Die Beschwerdegegnerin und Löschungsantragsgegnerin ist Inhaberin des Wortzeichens "Kaleido". Dieses ist am 28. August 2006 angemeldet und unter der Nummer 306 52 708 als Marke in das beim Deutschen Patentund Markenamt (DPMA) geführte Register am 28. Februar 2007 eingetragen worden für die Waren und Dienstleistungen der Klasse 16: Lehrund Unterrichtsmittel (ausgenommen Apparate);

Klasse 28: Spiele, Spielzeug;

Klasse 35: Bestellannahme, Lieferauftragsservice und Rechnungsabwicklung, auch im Rahmen von ecommerce.

Am 21. August 2008 wurde beim DPMA von der Beschwerdeführerin die Löschung der Marke "Kaleido" beantragt.

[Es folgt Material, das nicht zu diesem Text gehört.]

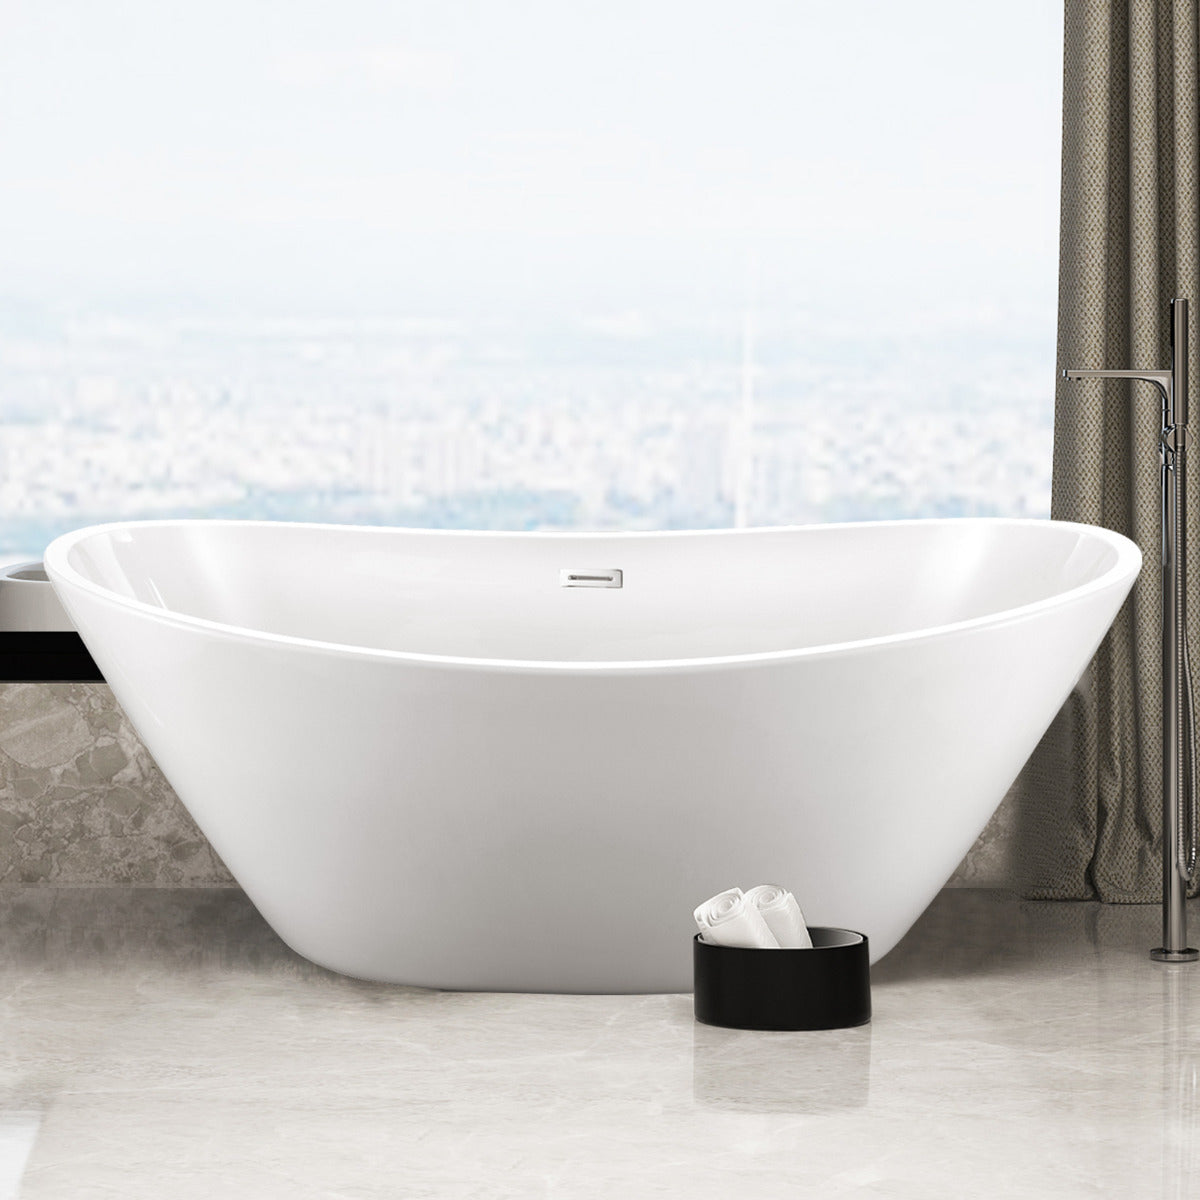 JassferryJASSFERRY 1700x785 mm Acrylic Modern Design Freestanding Bathtub Luxury Double EndedBathtubs

Zur Begründung hat sie angeführt, dass der Marke, die nur für ein Kinderkaleidoskop benutzt werde, sowohl die erforderliche Unterscheidungskraft zum Eintragungszeitpunkt gefehlt habe als auch ein erhebliches Freihaltebedürfnis bestanden habe. Der Begriff "Kaleido" sei eine Abkürzung sowie eine in der Umgangssprache übliche Verkürzung der vollständigen Sachbezeichnung "Kaleidoskop" und daher für die geschützten Waren der Klasse 28, die auch Kaleidoskope umfassten, glatt beschreibend.

Die Beschwerdegegnerin und Markeninhaberin hat dem Löschungsantrag widersprochen und die Auffassung vertreten, bei der Bezeichnung "Kaleido" handele es sich weder um eine übliche Abkürzung, noch um eine charakteristische Verkürzung des Begriffs "Kaleidoskop", sondern vielmehr um eine individualisierende Abweichung von der üblichen Ausdrucksweise.

Das DPMA hat mit Beschluss der Markenabteilung 3.4 vom 31. August 2009 den Löschungsantrag mit der Begründung zurückgewiesen, die Bezeichnung "Kaleido" sei ungewöhnlich und beschreibe keine Eigenschaften der angemeldeten Waren und Dienstleistungen. Bei dem Ausdruck "Kaleido" handele es sich nicht um das gängige Kurzwort oder die geläufige Abkürzung von "Kaleidoskop". "Kaleido" sei lexikalisch nicht nachweisbar (Anlagen A 4 u. A 5 zum angefochtenen Beschluss, Bl. S. 36 f. VA) und werde für Kraftfahrzeuge und Uhren, aber auch im Bereich von Spielzeug und Freizeitartikeln kennzeichenmäßig benutzt, wie eine Internetrecherche ergeben habe (Anlagen A 1 -A 3 zum angefochtenen Beschluss, Bl.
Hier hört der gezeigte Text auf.